Are you interested in learning more about vibe coding? checkout following articles:

Optimizing for Tool Calling

num_ctx 65536: Absolutely crucial. Tool calling often involves complex workflows that span multiple turns. A large context window enables the model to remember previous instructions, tool responses, and the overall goal. 128k or 200k is even better if available.
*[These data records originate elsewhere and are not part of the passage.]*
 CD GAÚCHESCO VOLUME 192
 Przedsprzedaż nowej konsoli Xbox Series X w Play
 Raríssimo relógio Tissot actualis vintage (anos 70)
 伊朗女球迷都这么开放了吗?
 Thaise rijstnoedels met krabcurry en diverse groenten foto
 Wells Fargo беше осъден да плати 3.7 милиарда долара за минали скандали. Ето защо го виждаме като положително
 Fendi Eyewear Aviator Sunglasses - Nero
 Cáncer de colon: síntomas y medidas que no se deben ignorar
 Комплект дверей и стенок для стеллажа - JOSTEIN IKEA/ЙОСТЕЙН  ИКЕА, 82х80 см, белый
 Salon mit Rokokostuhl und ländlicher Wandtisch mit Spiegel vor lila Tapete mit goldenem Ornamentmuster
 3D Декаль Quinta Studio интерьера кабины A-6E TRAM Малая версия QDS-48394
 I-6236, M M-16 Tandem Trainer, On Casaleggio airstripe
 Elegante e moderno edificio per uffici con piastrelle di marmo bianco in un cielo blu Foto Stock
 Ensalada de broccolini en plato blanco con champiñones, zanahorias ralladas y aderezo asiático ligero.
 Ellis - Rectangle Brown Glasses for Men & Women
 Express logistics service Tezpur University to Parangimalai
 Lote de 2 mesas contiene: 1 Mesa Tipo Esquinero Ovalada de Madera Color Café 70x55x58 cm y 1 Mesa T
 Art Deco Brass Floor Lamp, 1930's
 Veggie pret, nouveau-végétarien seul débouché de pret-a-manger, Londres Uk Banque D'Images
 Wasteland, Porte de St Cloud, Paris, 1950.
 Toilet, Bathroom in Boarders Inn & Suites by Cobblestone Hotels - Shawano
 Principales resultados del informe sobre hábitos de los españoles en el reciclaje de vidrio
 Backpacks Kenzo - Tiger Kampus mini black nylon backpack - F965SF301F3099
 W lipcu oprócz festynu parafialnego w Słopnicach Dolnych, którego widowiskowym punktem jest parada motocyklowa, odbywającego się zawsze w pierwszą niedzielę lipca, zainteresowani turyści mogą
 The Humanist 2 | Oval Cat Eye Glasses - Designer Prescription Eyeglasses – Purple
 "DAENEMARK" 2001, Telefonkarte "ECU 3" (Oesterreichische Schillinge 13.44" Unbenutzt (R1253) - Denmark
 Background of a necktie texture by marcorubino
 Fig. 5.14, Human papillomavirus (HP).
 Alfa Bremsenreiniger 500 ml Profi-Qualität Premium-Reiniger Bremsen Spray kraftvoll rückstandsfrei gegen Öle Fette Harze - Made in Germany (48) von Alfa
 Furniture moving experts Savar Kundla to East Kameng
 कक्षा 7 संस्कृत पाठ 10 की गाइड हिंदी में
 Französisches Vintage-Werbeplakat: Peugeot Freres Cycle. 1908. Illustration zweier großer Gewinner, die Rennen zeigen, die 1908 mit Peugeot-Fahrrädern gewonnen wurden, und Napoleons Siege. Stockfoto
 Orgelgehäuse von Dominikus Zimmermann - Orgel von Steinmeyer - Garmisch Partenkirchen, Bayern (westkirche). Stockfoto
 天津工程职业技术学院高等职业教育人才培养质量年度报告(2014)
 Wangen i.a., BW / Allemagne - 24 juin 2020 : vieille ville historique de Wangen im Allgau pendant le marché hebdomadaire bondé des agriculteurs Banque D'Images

temperature 0.15: Significantly reduced from the coding configuration (0.25). Tool calling prioritizes accuracy and reliability above all else. The model needs to confidently select the correct tool and format its call precisely. Low temperature minimizes the risk of incorrect tool selection or poorly formatted calls.

top_p 0.7: A more restrained exploration. While a little creativity can be helpful in some cases, we don’t want the model to drastically deviate from the most likely tool choices.

repeat_penalty 1.2: Aggressively penalizes repetition. This is particularly important in tool calling to prevent the model from getting stuck in loops and repeatedly calling the same tool.

temperature 0.15: Significantly reduced from the coding configuration (0.25). Tool calling prioritizes accuracy and reliability above all else. The model needs to confidently select the correct tool and format its call precisely. Low temperature minimizes the risk of incorrect tool selection or poorly formatted calls.

num_keep 1024: Significantly increased from the standard coding configuration (512). Tool calling benefits enormously from retaining a longer history. This allows the model to better understand the context of the task, remember the tools available, and track the progress of the workflow.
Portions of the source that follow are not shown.